Varieties of analytical techniques have been employed to quantify trace levels of heavy metals and toxic anions in water citing colorimetric and electrochemical techniques. For instance, N. Ratner et al. have developed sensitive electrochemical gold nanoparticles modified glassy carbon electrode platform for mercury(II) detection. They reported that a remarkable detection limit was found to be 1 μmol.mL−1 [10]. Further, P. Borthakur and collaborators have described the use of CoS-reduced porous graphene oxide nanocomposite for the sensing of mercury(II) in aqueous media. The system exhibited a selective response toward Hg2+ in the presence of a large variety of interferents with a detection limit of 14.23 nM [11]. Moreover, L. Wan et al. have synthesized a new multifunctional Schiff-based chemosensor, 4,4′-bis(2-hydroxybenzylideneamine)diphenylsulfone (DSS), for simultaneous fluoride and cyanide quantification. The reported work described the use of UV-Vis and photoluminescence spectroscopy (PL) to monitor the detection of target ions [12]. In addition, Q. Shu et al. have elaborated a bis(ferrocenyl)phenanthroline iridium(III) complex as a lab-on-a-molecule for the competitive determination of cyanide and fluoride in aqueous solution using the combination of the photoluminescence (PL) and electrochemiluminescence (ECL). The found limit of detection was less than 10 μM in aqueous solution [13]. Moreover, M. Amjadi et al. have described a new chemiluminescence (CL) system based KMnO4-rhodamine B functionalized gold nanoparticles to sense CN in real samples such as urine. They reported that the presence of anions inhibited the luminescence response of the system. The linear dynamic range was found to be 0.01–0.50 μM, with a detection limit of 2.8 nM [14].

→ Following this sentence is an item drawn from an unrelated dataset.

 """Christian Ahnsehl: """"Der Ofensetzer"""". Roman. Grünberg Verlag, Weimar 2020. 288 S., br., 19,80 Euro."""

Curcumin, (E,E)-1,7-bis(4-hydroxy-3-methoxyphenyl)-1,6-heptadiene-3,5-dione, has received much attention due to numerous advantageous properties [15]. K. Ponnuvel et al. have reported the use of a curcumin analog to sense selectively cyanide and fluoride in aqueous media. The fluorescence results revealed a sensitive response toward these two target ions even in the presence of a large range of interferent anions [16]. In the same way, F. Y. Wu and collaborators have described the use of curcumin molecule for monitoring fluoride concentrations in acetonitrile solution. The fluorescence results revealed that the complexation process induces an inhibition of the spectroscopic response of curcumin [17]. Moreover, N. Pourreza et al. have used curcumin nanoparticles to prepare a paper-based analytical device for mercury(II) sensing. The reported work showed that curcumin nanoparticles have an ultrasensitive response toward Hg2+ with a linear range of 0.5–20 μg.mL−1 and a detection limit of 0.17 μg.mL−1 [18]. Despite all this interest, we did not find until now a work described the use of curcumin in an electrochemical platform for ion detection.

The authors report a new electrochemical mercury(II), fluoride and cyanide platform assay based curcumin modified manganese dioxide-graphene nanosheets. Curcumin is used as both an electrochemical transducer and ion receptor. In addition, the tautomeric forms of curcumin are explored to detect Hg2+ as heavy metal cation and F and CN as toxic anions. Furthermore, the electrochemical studies reveal a potentiometric response with great linear ranges for both target ions. Thus, the chelation process of mercury(II) induces an anodic shift while the recognition of cyanide and fluoride exhibits a cathodic shift. Moreover, the platform exhibits high metrological performances such as the detection limit, repeatability, reproducibility, selectivity and long storage stability. The system is applied to detect target contaminants in various water sources.

Materials and methods

Apparatus and electrodes

Electrochemical measurements were recorded using a MetrohmAutolab PGSTAT 302n electrochemical workstation (Herisau, Switzerland). Experiments were performed at room temperature with a three-electrode system composed of platinum wire as an auxiliary electrode, Ag/AgCl as a reference and the modified glassy carbon electrode as a working electrode. The data were collected using Nova® v1.11 software. SEM images were captured using a MIRA3 LMU Oxford EDX. Raman spectra were recorded using a Horiba LabRam HR Evolution. The XRD pattern was obtained using a Philips X’ Pert Pro system.

Reagents and solutions

All reagents were of the highest available grade. Curcumin (CM), graphene oxide, hydrochloric acid (37%), ammonia solution, hydrazine solution (35 wt%), potassium permanganate, MnSO4.H2O, phosphate buffer tablet, ferricyanide, ferrocyanide, Tertiary-butylammonium salts of anions and mercury(II) chloride were purchased from Sigma-Aldrich (www.sigmaaldrich.com). EIS measurements were carried out using phosphate buffer (PB; 0.1 mM, pH 7.4) containing a mixture of 5 mM of Fe(CN)64− and 5 mM of Fe(CN)63− was used as a redox probe couple. All experiments have been done at least in triplicate using different platforms.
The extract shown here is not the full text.